A pressure-reducing regulator, also known as a high pressure regulator, is a valve that reduces pressurized fluid or gas to a lower pressure and delivers it for consumption. The fluid or gas may be supplied, for example, from a high pressure cylinder or via a hose from a compressor. Consequently, high pressure regulators are used to allow high-pressure fluid or gas supply lines or tanks to be reduced to safe and/or usable pressures for various applications. A common application for high pressure regulators is compressed natural gas (CNG), which is a fossil fuel substitute for gasoline, diesel, or propane. CNG is a more environmentally clean fuel alternative and safer than conventional fuels in the event of a spill. CNG is typically stored and distributed in hard containers at a pressure of 3600 psi, usually in cylindrical or spherical shapes. Recent advancements in technology have resulted in CNG being used as fuel for traditional gasoline internal combustion engine vehicles that have been converted for CNG consumption.
Conventional high pressure regulators utilize a well-known diaphragm and spring mechanism to regulate pressure and flow. U.S. Pat. No. 5,443,083, for example, discloses a pressure-reducing regulator for CNG including a diaphragm and spring mechanism. This design, however, inherently causes the regulator to “droop” or cause an undesirable drop in the outlet pressure and flow. The well-known droop phenomenon is caused by high demand from the outlet port causing the pressure to drop while waiting for the diaphragm and spring to overcome the pressure drop and increase the opening at the pressure reduction orifice. In short, when there is an increased need for fuel (such as in response to a gas pedal push in a motor vehicle implementation), the diaphragm and spring design exhibits a time delay in meeting the increased fuel need. This can be disadvantageous in a vehicle implementation where drivers expect immediate responses to pedal commands. Further, the droop phenomenon can negatively affect the emissions of an internal combustion engine.

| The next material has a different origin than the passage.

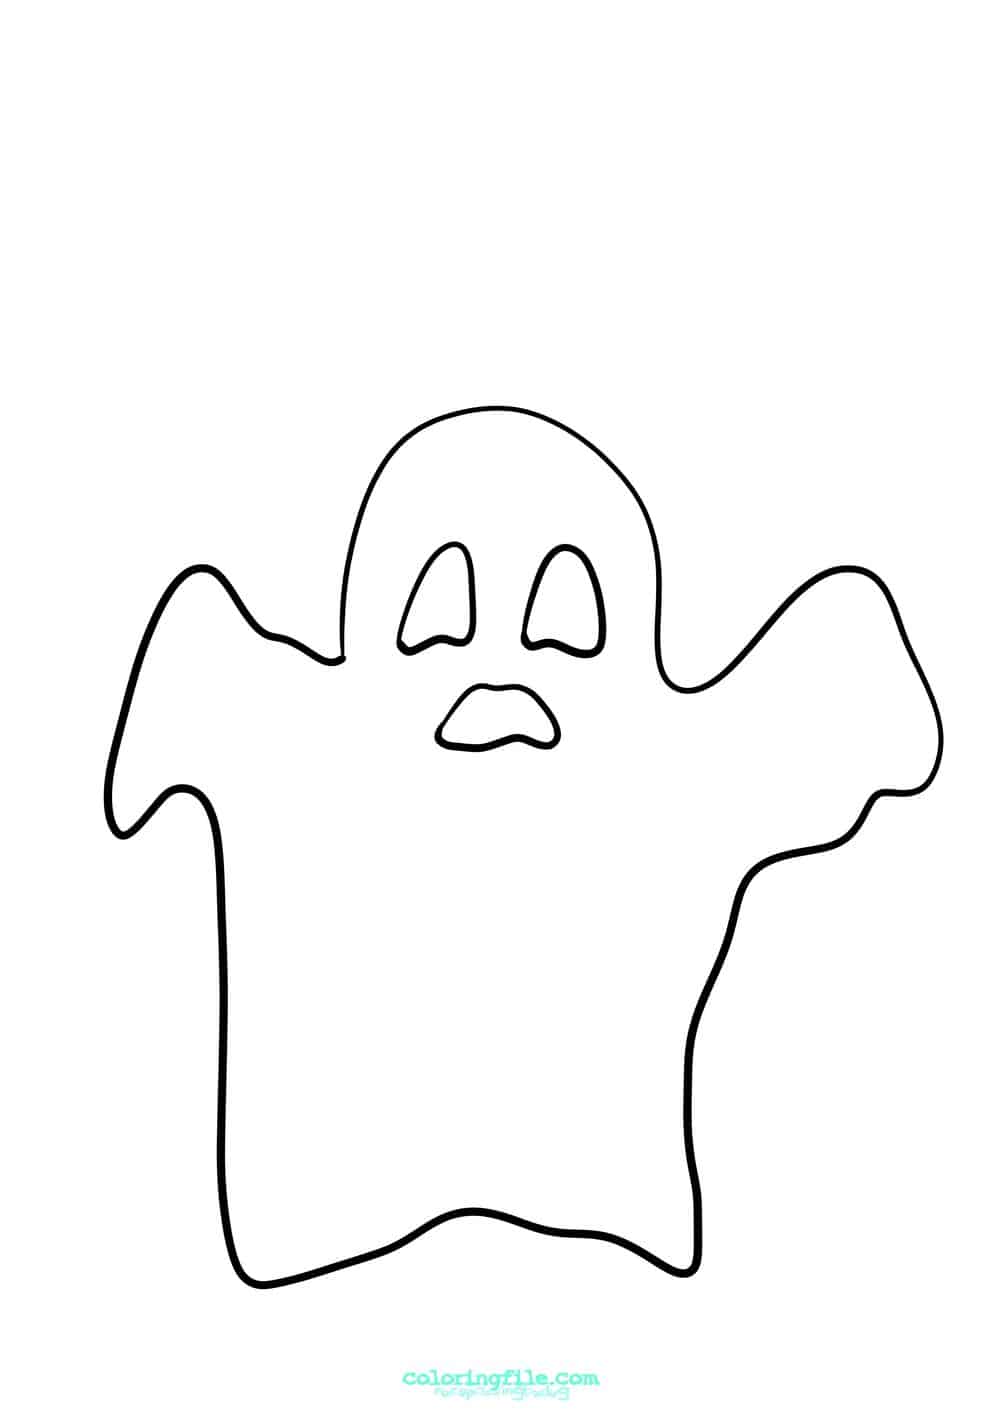 Ghost halloween coloring pages

Another well-known drawback of conventional high pressure regulators involves the overly-simplistic manner in which pressure is regulated. In a standard diaphragm and spring-design regulator, the diaphragm and spring components react solely to the amount of pressure the components experience. Thus, the regulator functions performed by standard diaphragm and spring-design regulators are dictated solely by current pressure conditions, such as the level of in-bound gas pressure. Other known approaches to high pressure regulator design may allow other data to be taken into account while performing regulator functions. U.S. Pat. No. 6,889,705, for example, discloses regulator functions that are dictated by fuel flow conditions. Internal combustion engine vehicles, however, involve a multitude of complex systems that are affected by a plethora of conditions and data. The currently available high pressure regulators, however, do not adequately account for the many relevant factors when performing regulator functions.
Therefore, a need exists to overcome the problems with the prior art as discussed above, and particularly for a more efficient high pressure regulator that provides a desirable pressure and flow, and takes various relevant factors into account when performing regulator functions.